> **Supplied data**
Content starts
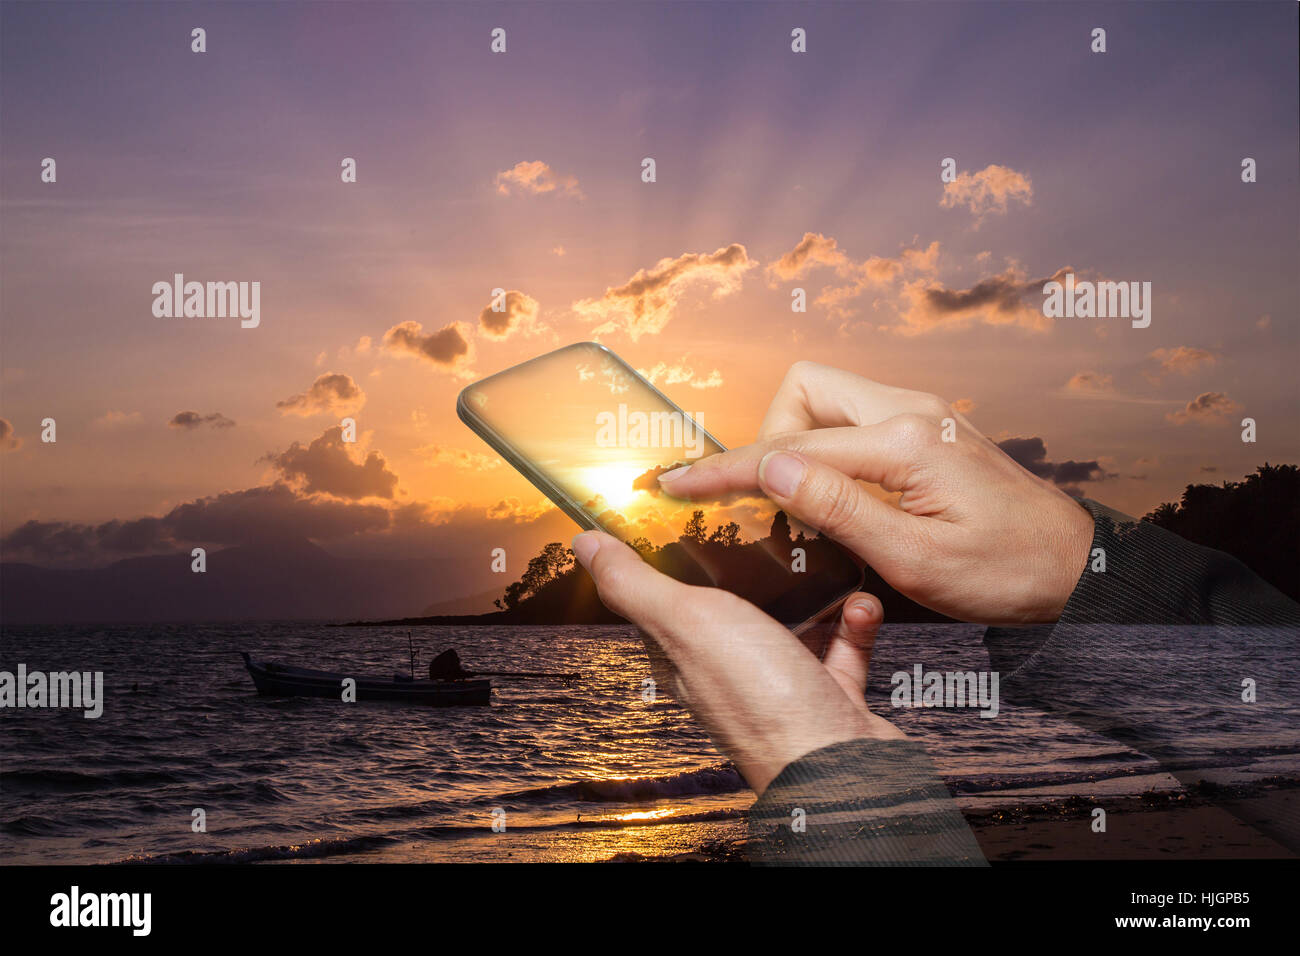 Doppia esposizione della donna mano touch screen smart phone su sunrise sulla spiaggia Foto Stock
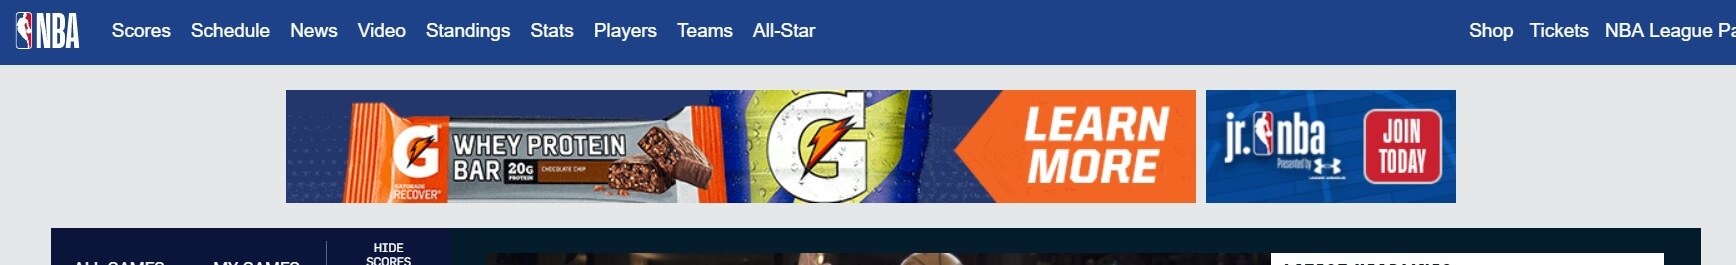 Um exemplo de anúncio de banner na página inicial da NBA
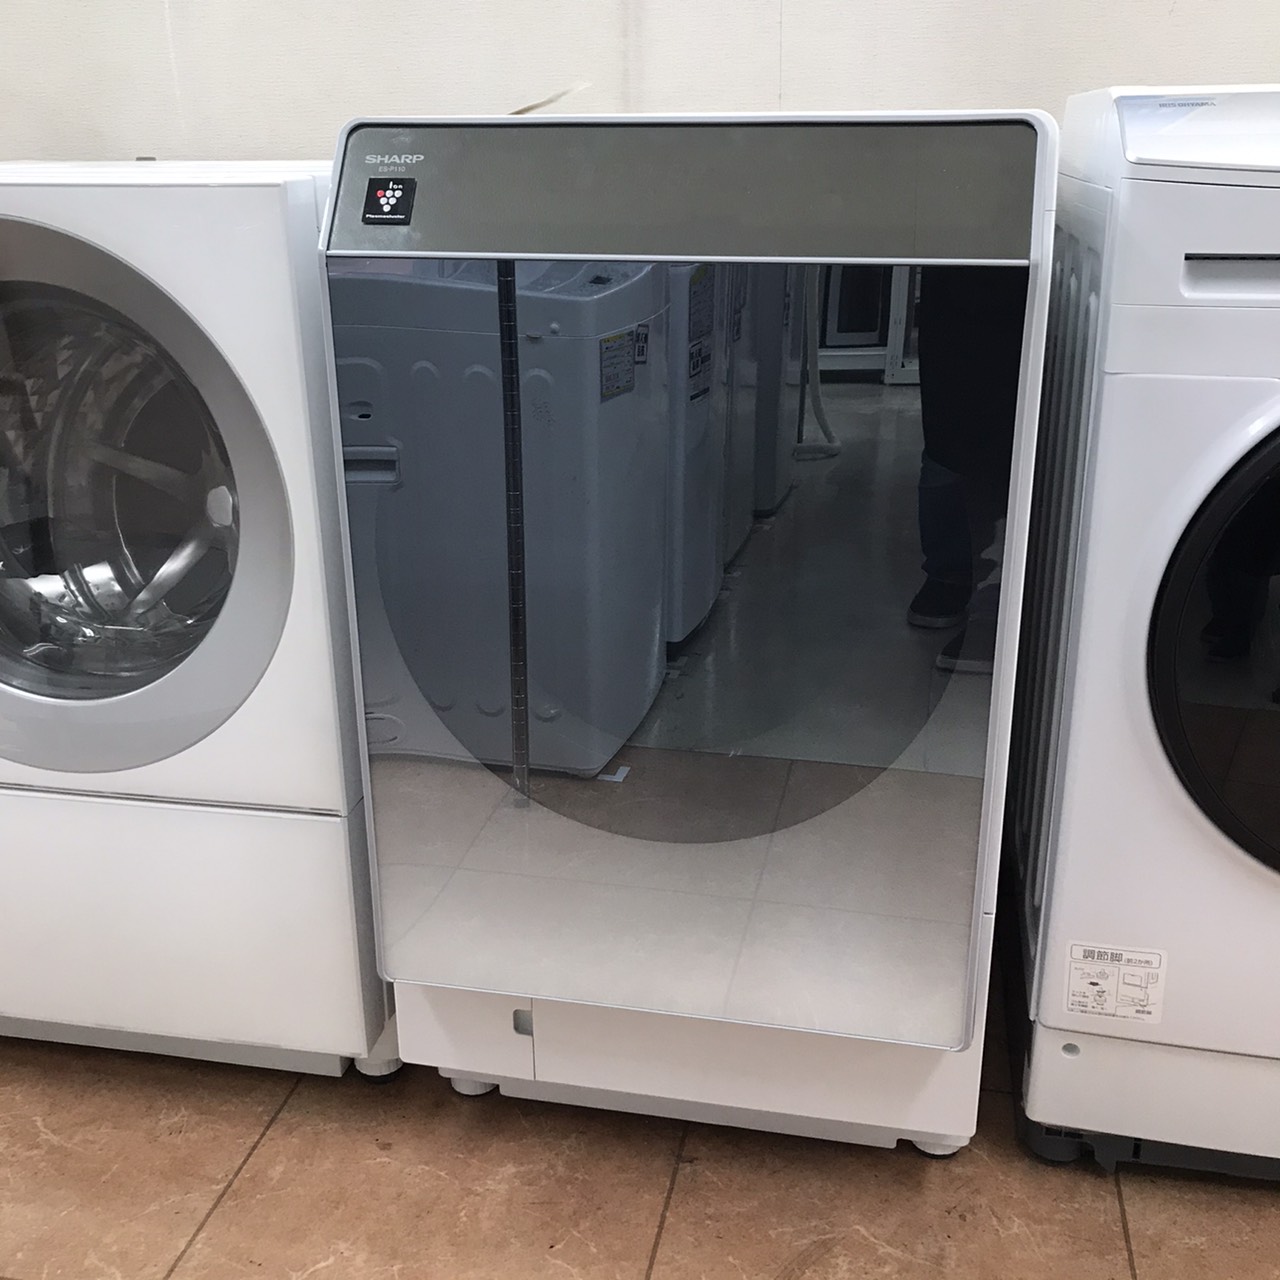 【SHARP 11.0/6.0㎏ドラム式洗濯乾燥機 ES-P110-SL 2018年製 シャープ】お買取り致しました!⭐福岡市 城南区 リサイクルショップ リサイクルマート片江店⭐ - リサイクルマートは現在冷蔵庫の買取、家具の買取強化中です！お気軽にお問い合わせください。
Content ends
> **Task to carry out**
Make an exact copy of the listing. Leave its pictures out.

> **Answer to the exercise**
 Doppia esposizione della donna mano touch screen smart phone su sunrise sulla spiaggia Foto Stock
 Um exemplo de anúncio de banner na página inicial da NBA
 【SHARP 11.0/6.0㎏ドラム式洗濯乾燥機 ES-P110-SL 2018年製 シャープ】お買取り致しました!⭐福岡市 城南区 リサイクルショップ リサイクルマート片江店⭐ - リサイクルマートは現在冷蔵庫の買取、家具の買取強化中です！お気軽にお問い合わせください。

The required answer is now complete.